Suppose that we are really going to do it by induction, perhaps because a homework exercise specifies that we must. There are quite a few better ways than induction for solving this problem, most of which you will learn from the other answers. But let's do induction.

We experiment a bit. Start say at $n=1$, or even that mathematicians' favourite, $n=0$.

If $n=1$, then $2^{3n}=7$. Let $n=2$. Then $2^{3n}=63$. Note that $63$ is divisible by the primes $3$ and $7$. Let $n=3$. Then $2^{3n}-1=511$. But $511=7\times 73$. All our numbers so far are divisible by $7$. Let $n=4$. Then $2^{3n}-1=4095$. Is it divisible by $7$? The calculator says yes.

So maybe all of our numbers are divisible by $7$. Since all the numbers for $n\ge 2$ are $>7$, this will show that if $n\ge 2$, then $2^{3n}-1$ is composite.
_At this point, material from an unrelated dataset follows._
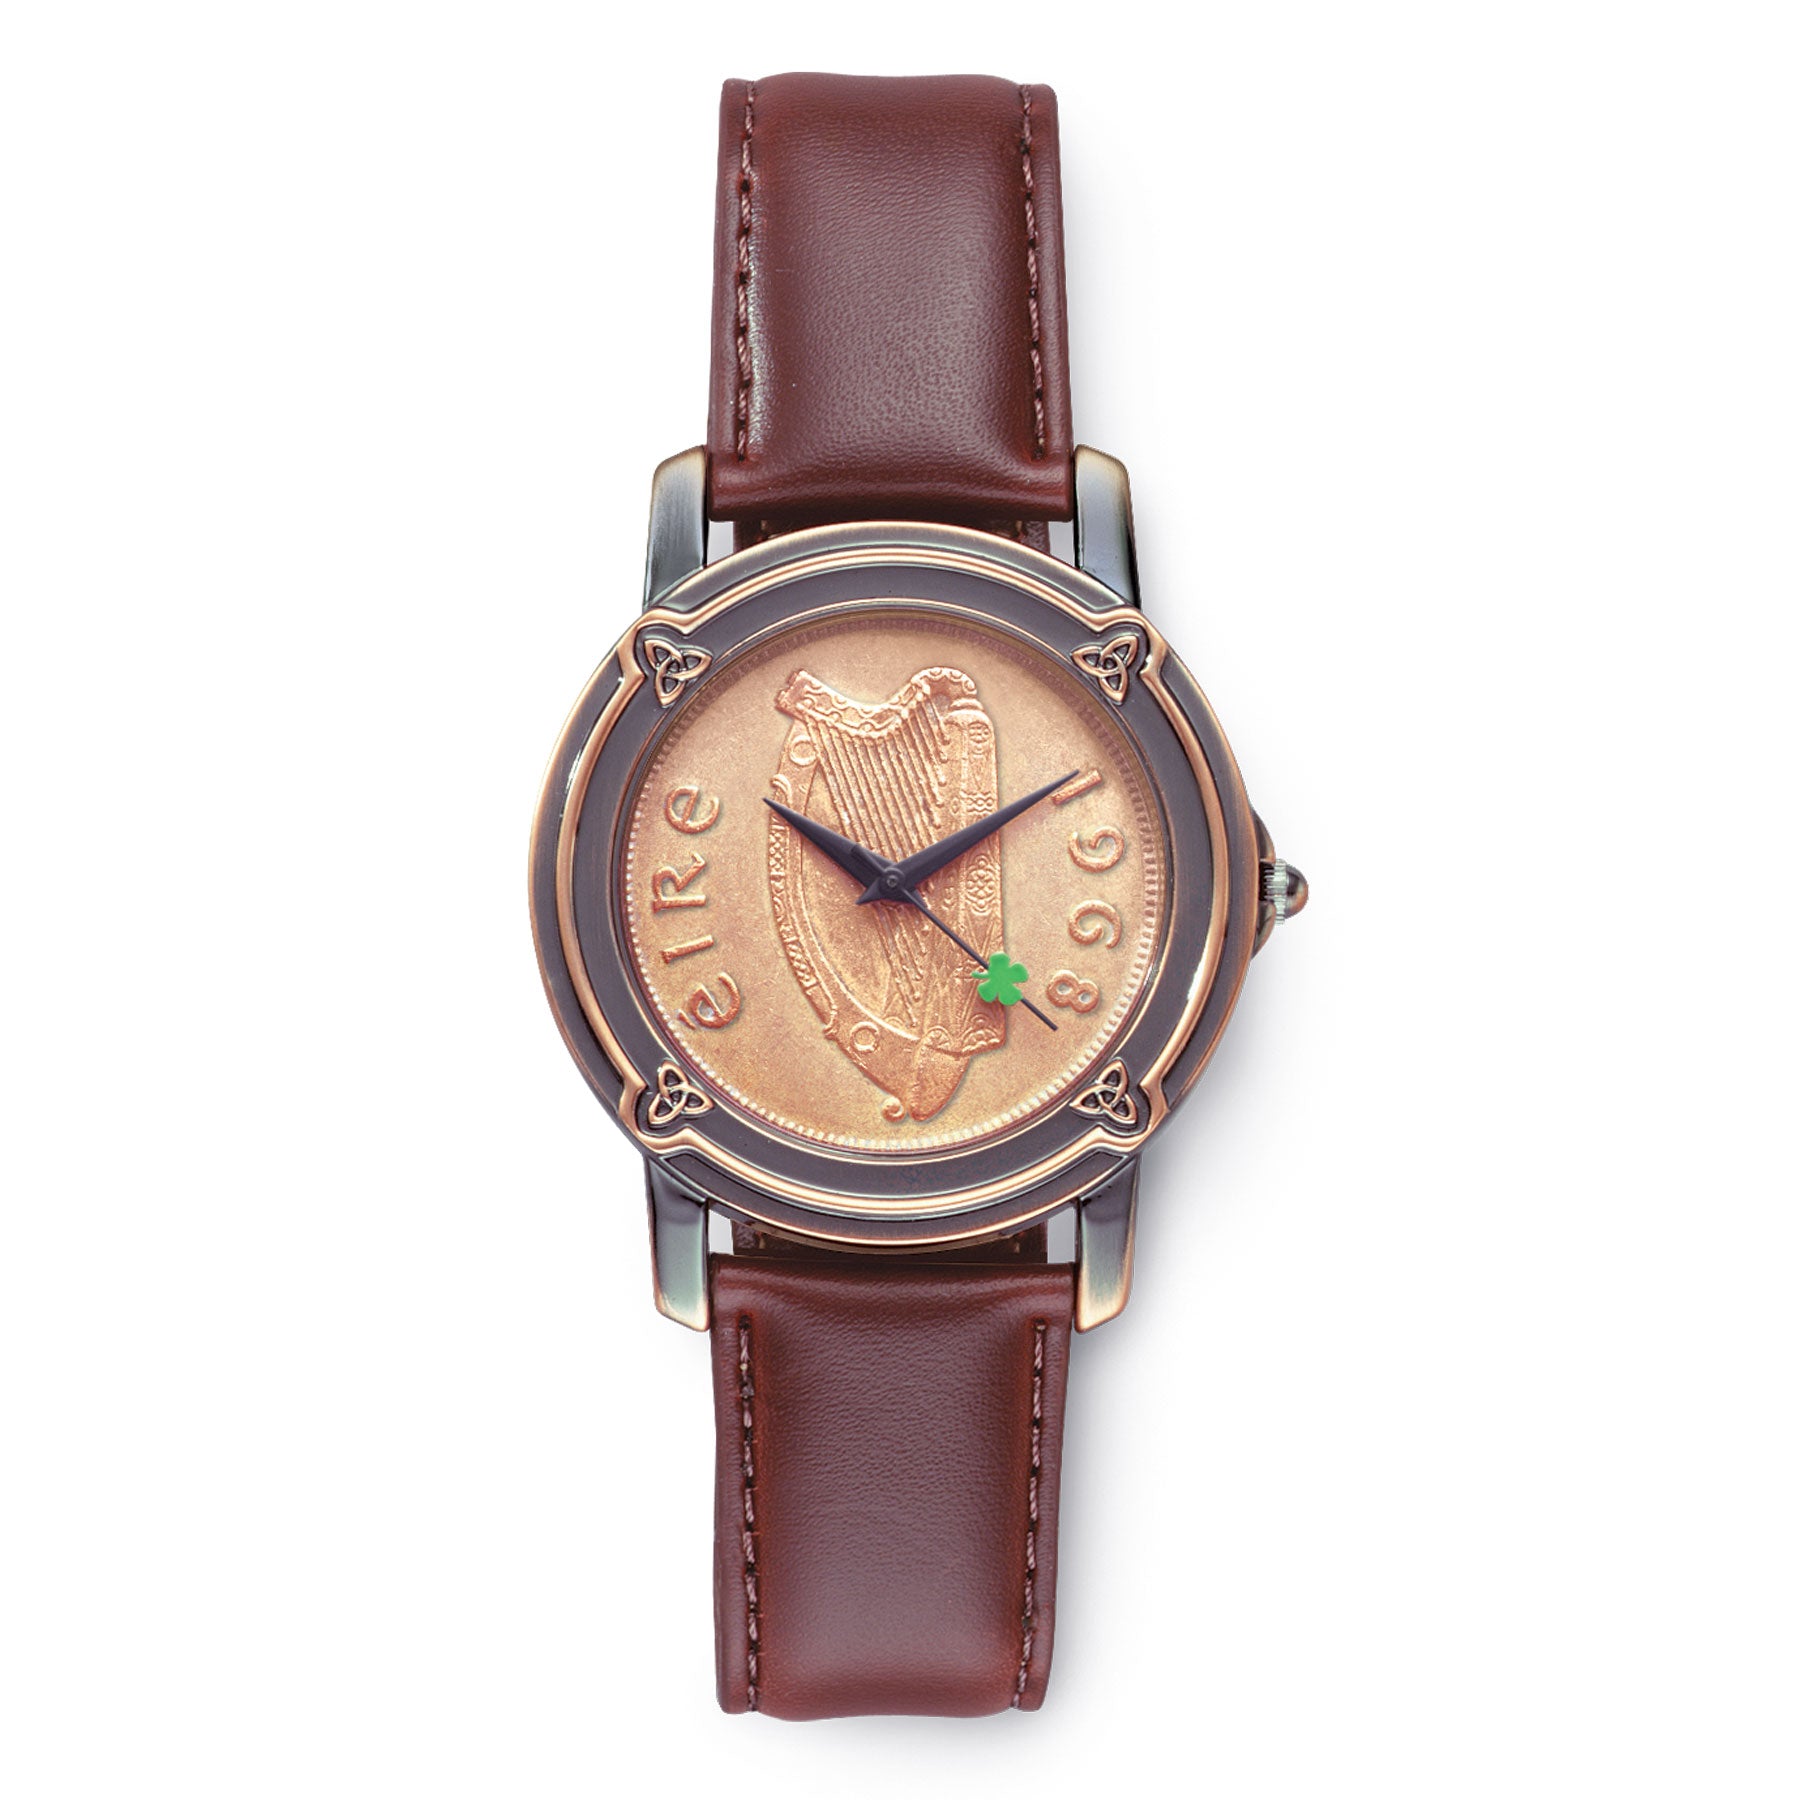 Watch Made from an Irish Penny for Good Luck – Creative Irish Gifts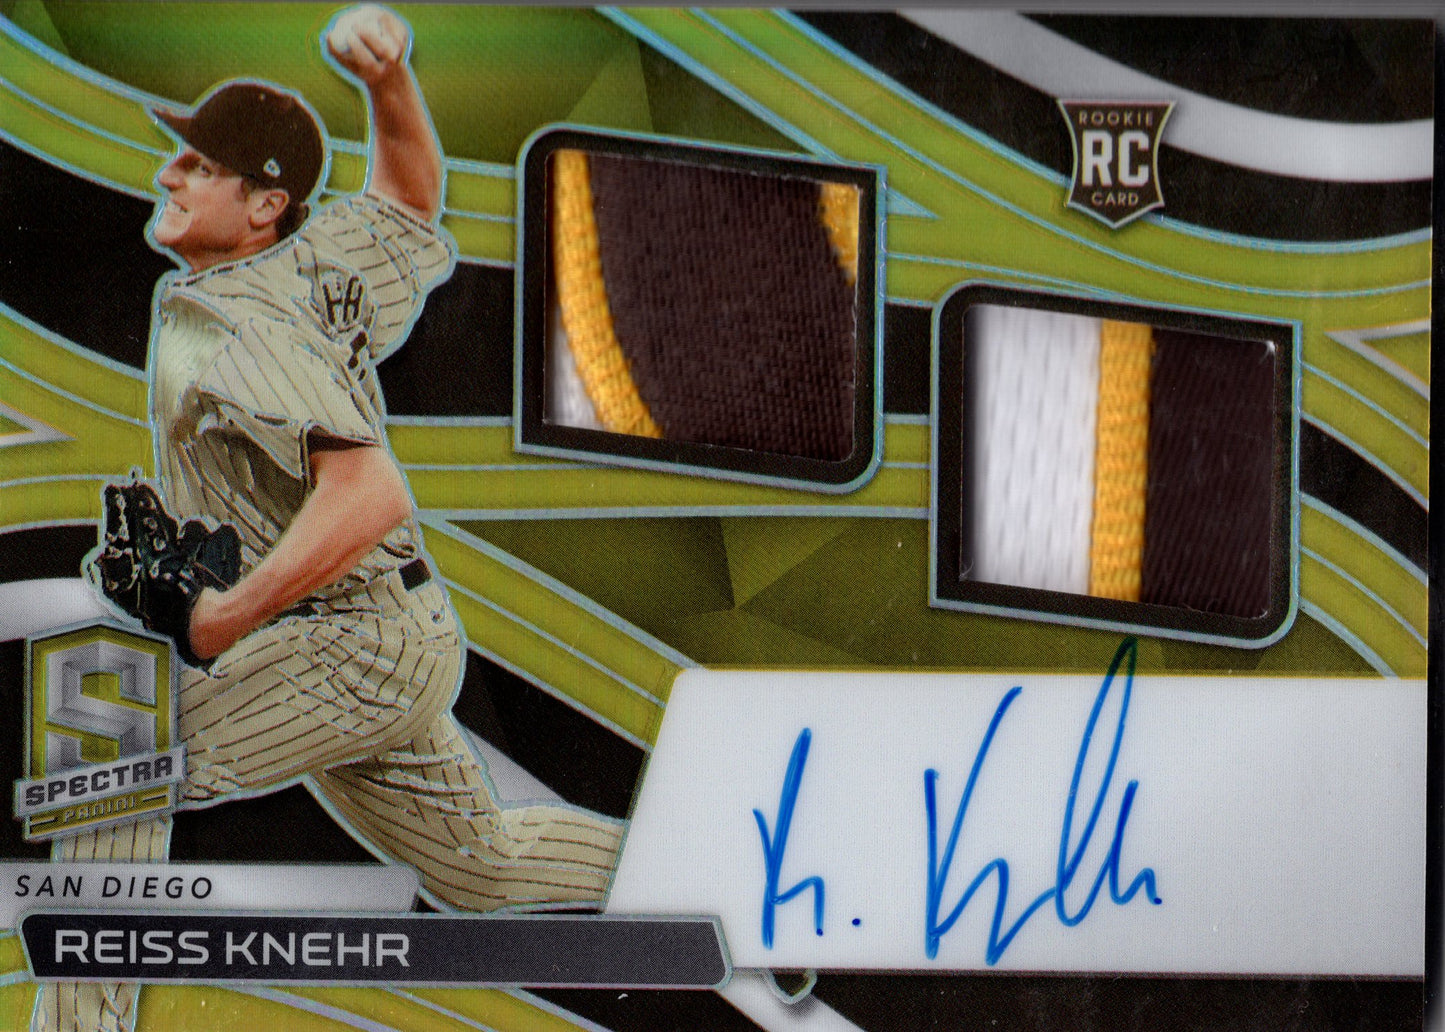 2022 Panini Spectra Reiss Knehr Gold Duo Patch RC Auto 2/10

So we try to prove, by induction on $n$, that $7$ divides $2^{3n}-1$ for every positive integer $n$.

Certainly it is true at $n=1$. Suppose that we know that for a particular $k$, $2^{3k}-1$ is divisible by $7$. Can we prove that $2^{3(k+1)}-1$ is divisible by $7$?

Note that $$2^{3(k+1)}-1=(2^{3k}-1)+(2^{3(k+1)} -2^{3k}).$$

By the induction hypothesis, $2^{3k}-1$ is divisible by $7$. If we can prove that $2^{3(k+1)} -2^{3k}$ is divisible by $7$, we will be finished.

Note that $$2^{3(k+1)} -2^{3k}=2^{3k+3}-2^{3k}=2^{3k}(2^3-1)=7(2^{3k}),$$ so we are finished.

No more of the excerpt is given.